肝胆ブログ

かんたんにかんたんします。

「都会の鳥の生態学 カラス、ツバメ、スズメ、水鳥、猛禽の栄枯盛衰 感想 散歩が楽しくなる本が好き」唐沢孝一さん(中公新書)

 

都会に生息する野鳥について、近年の勢力図や営みっぷりを紹介してくださる本が出版されていてかんたんしました。

こういう本が出版されると、ぷらぷら街歩きしているときも鳥の様子が自然と目に入って楽しめるようになるので嬉しいですね。

 

www.chuko.co.jp

 

 

カラスとオオタカの空中戦、コンクリート張りの川で繁殖するカワセミ、高層ビルで子育てするハヤブサ、新たに進出してきたイソヒヨドリ、スズメやツバメの営巣地の栄枯盛衰......。都会は自然の少ない人工的な環境だが、鳥たちはしたたかに適応して生きている。身近な鳥、珍しい鳥、意外な鳥たちの知られざる生態を紹介するとともに、人間と鳥たちとの関係の変化も解説、読めば街歩きが楽しくなる。写真多数、カラー口絵16頁。

 

 

繰り返しですが、街歩きが楽しくなる本が好きです。

これまで読んだなかではビル群の「石」に着目する本が最高でしたが、この「鳥」の本はそれに匹敵しますね。

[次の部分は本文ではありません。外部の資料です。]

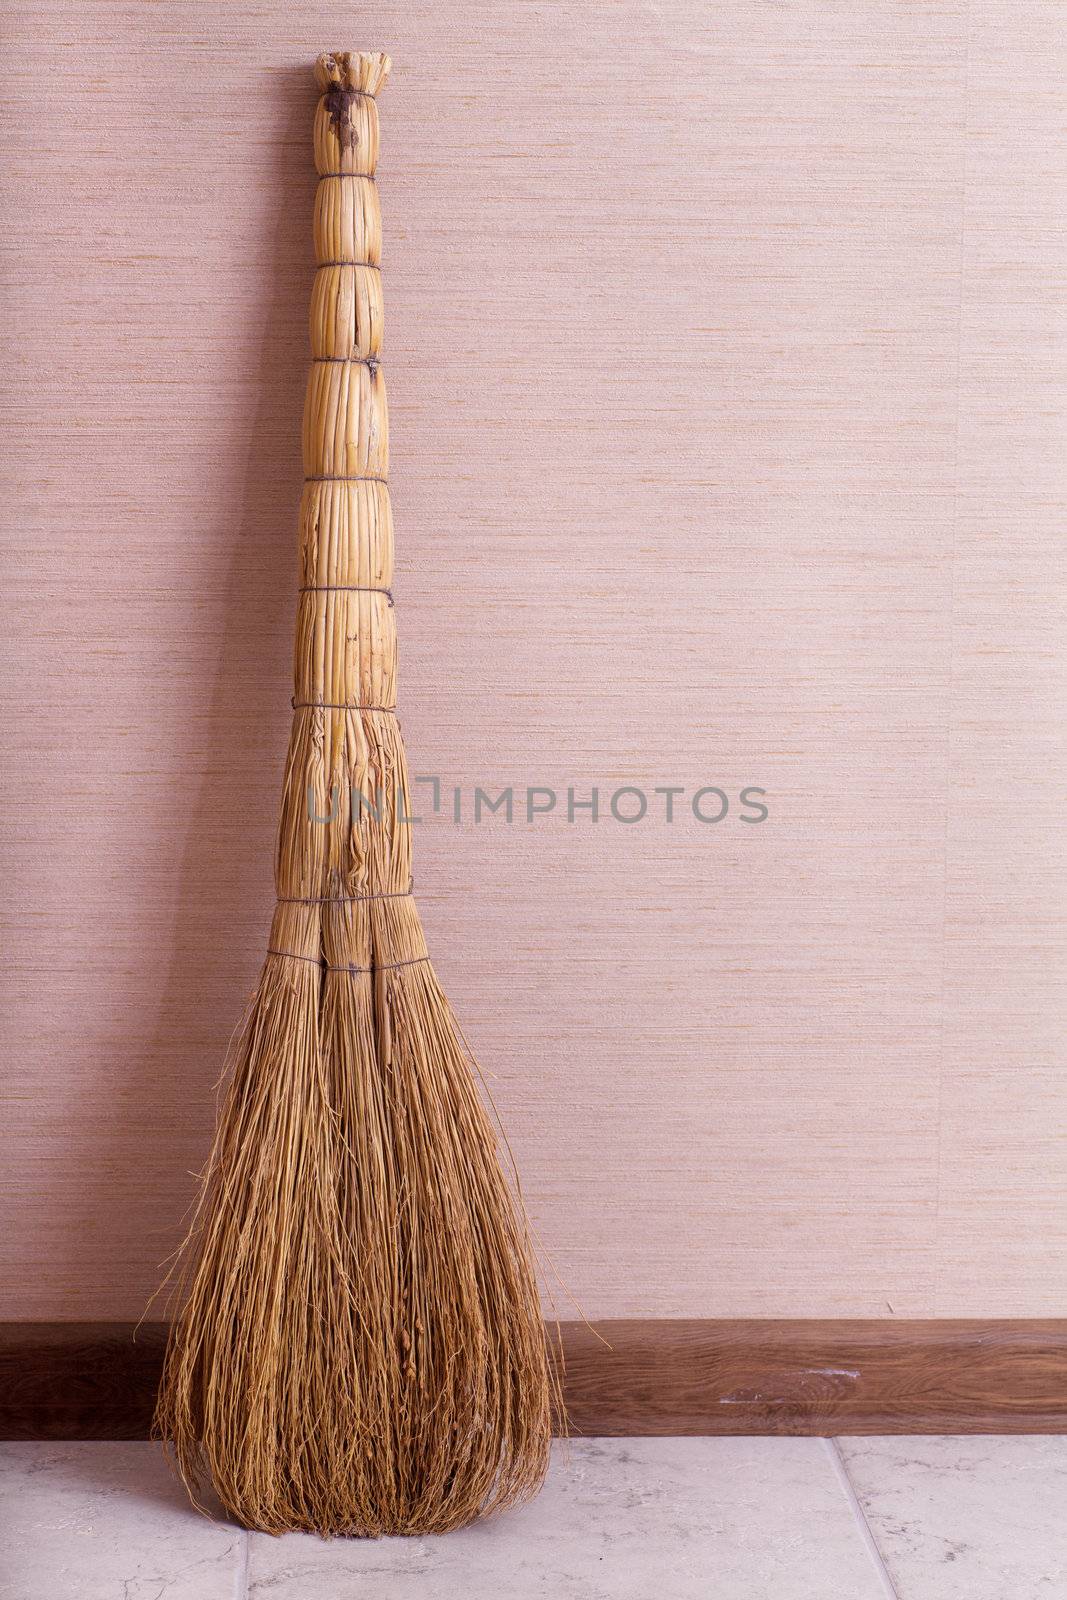 Whisk broom standing in empty room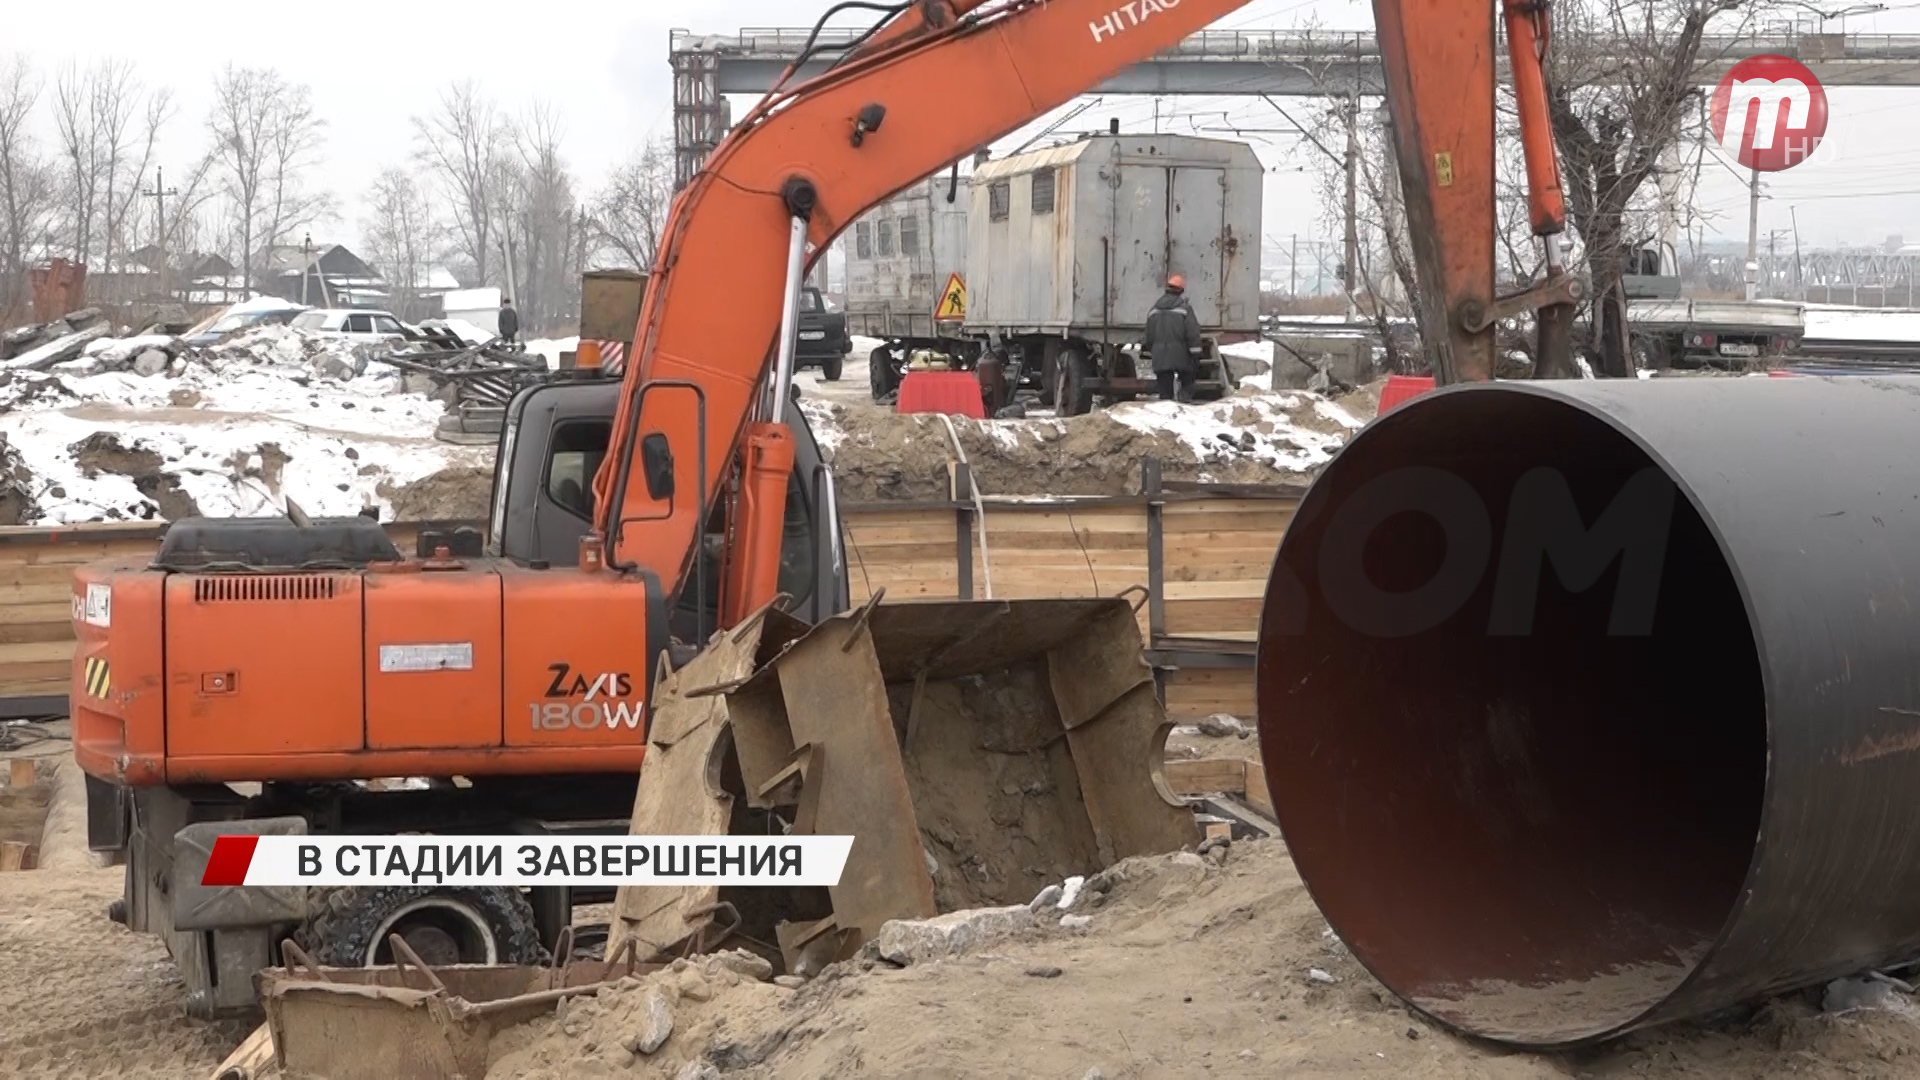 В Октябрьском районе близится к завершению большая реконструкция аварийного канализационного коллектора

「東京「街角」地質学 感想 この本はガチおすすめ」西本昌司さん(イースト・プレス) - 肝胆ブログ

 

 

巻頭のカラー写真からしてほほ~とかんたんします。

  1. 東京銀座のイソヒヨドリ
  2. マンホールは鳥たちのレストラン(ウグイス、メジロジョウビタキ
  3. ツバメの見事な離れ業――ハチを脅して獲物を奪う
  4. ツバメの巣立ち雛による「労働寄生」
  5. 数千~数万羽で夜を過ごすツバメたち
  6. 人里離れた畑や林で繁殖するスズメ
  7. 厳しい冬を混群で乗り越える(スズメ、ムクドリ、ドバト等)
  8. 都市河川で繁殖するカワセミ
  9. 都市公園で繁殖するカイツブリ
  10. 屋上で集団繁殖するコアジサシ
  11. カラスの様々な集団ねぐら
  12. ハシボソガラスの集団クルミ割り行動
  13. 超高層ビルを住処にするハヤブサ
  14. モニター画面で見る自然教育園(港区)のオオタカ
  15. 都心に進出した小さな猛禽「ツミ」
  16. 夜の都会に進出したフクロウ

 

本屋で当著を見かけた場合は、この口絵写真集だけでもご覧になってくださいまし。興味を引いて買おうという気になること請け合いですから。

 

 

 

自分の実感を伴うという点では、第5章 都市生態系の頂点「カラス」と、第6章 カラスと猛禽が一番興味深かったです。

 

繁華街の朝方等、ずいぶんカラスが人馴れしているなあとか。

一方で、ビル街なのに猛禽類っぽい鳴き声を聞いたり姿を見かけたりして、へえこんなところにタカやトンビが飛んでるんやとか。

そういえば、鳥の生首が発見されて、猟奇的な事件かと思いきや「カラスか猛禽類の仕業と見られます」みたいなニュースも見たことある気がしますね。

 

散歩していてもカラス・猛禽類双方の存在感が気になることが多かったので、実際にカラスが少し減って猛禽類の都会進出が始まっているとか聞かされるとほぉぉという気持ちになります。

カラスも猛禽類も愛着があるので、どっちも頑張ってほしいけどゴミは荒らさないでほしいというか。

 

「レース鳩」がハヤブサ等に頻繁に襲われているという話も素人的には衝撃でした。

そっか、レース鳩が行方不明になるのってそういう要因もそら多いんやろなあ……と。

 

鳥から見れば「高層ビルは海辺の断崖絶壁と同じ」「慣れてしまえばあんがい繁殖しやすい」「いまの日本人は以前とちがって野鳥を捕まえて食べないから鳥的には住みやすい」というのもなるほどと納得です。

 

 

 

読んでいて感心するのが、著者たちが何十年間にもわたって鳥たちの栄枯盛衰を記録しつづけてこられたこと。

どの学問も同様ながら、地道な記録と調査があってこそ描き出されるものがあるよな、というリスペクト心が湧いてきます。

こういう、蓄えた知識と研鑽の一端を、チラッと素人に見せてくれる本って本当にいいですよね……もちろん本を一冊読んだだけで何かが身についたわけではないんですが、世界観が少しだけ広がったように感じます。

 

 

これからも著者たちの志を受け継ぐ鳥好きの方が増えていきますように。